For the second part, if $A$ is perfectly dominant and all of its off-diagonal entries are non-positive, then in the decomposition $A=D+\sum_{k=1}^mA_k$ above, the graph of each $A_k$ must be a cycle, $s_1=s_2=\cdots=s_L=-1$ in $(3)$ and $D$ must be zero. Indeed, after the removal of all cycles, the reduced $X$ will still be perfectly dominant.

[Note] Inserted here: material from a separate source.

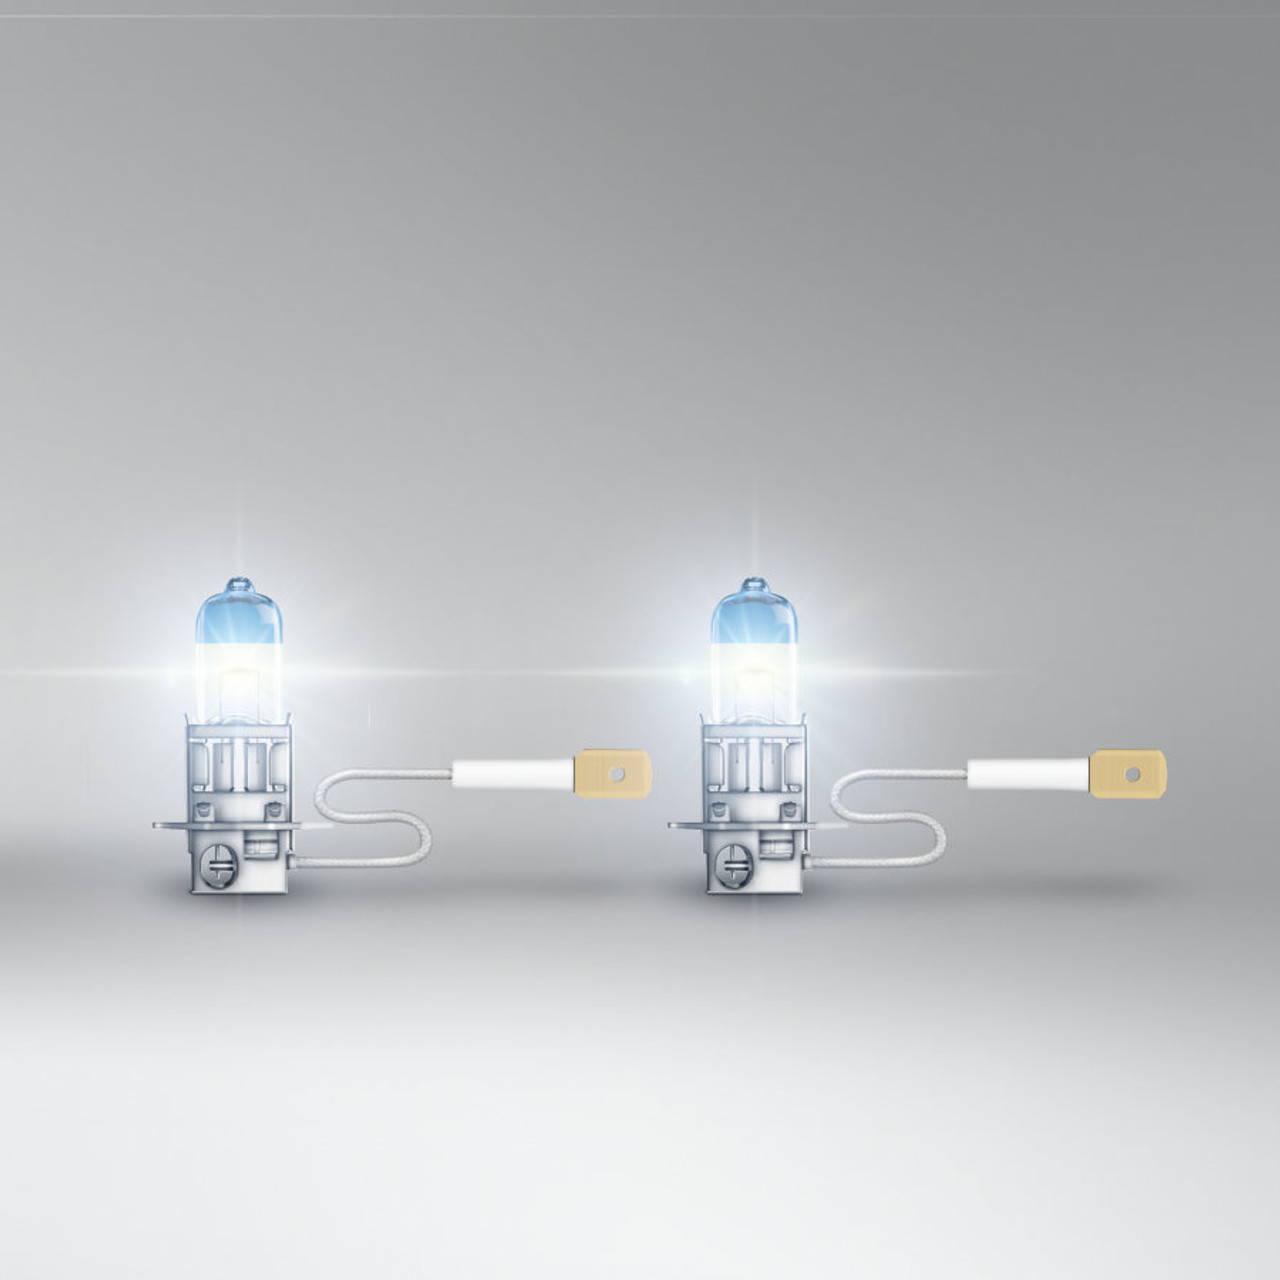 OSRAM Night Breaker Laser H3 12v 55W 150% Brighter Bulb

If its graph is non-empty, we may assume (by reindexing if necessary) that it contains an acyclic path $1\to2\to\cdots\to L$ of maximum length, and our previous argument shows that all off-diagonal entries on the first column and the $L$-th row of $X$ are zero. Hence $X$ is not perfectly dominant, which is a contradiction. Thus the graph of $X$ is empty when all cycles are removed. However, as $X$ is perfectly dominant, it must be zero when its graph is empty. Hence $D=0$ and each $A_k$ represents a cycle. It follows from the rearrangement inequality that $\frac{1}{m}y^TA_kx=\sum_{i=1}^Ly_ix_i-\sum_{\text{cyc}}y_ix_{i+1}\ge0$ when $A_k$ takes the form of $(3)$. Hence $y^TAx\ge0$.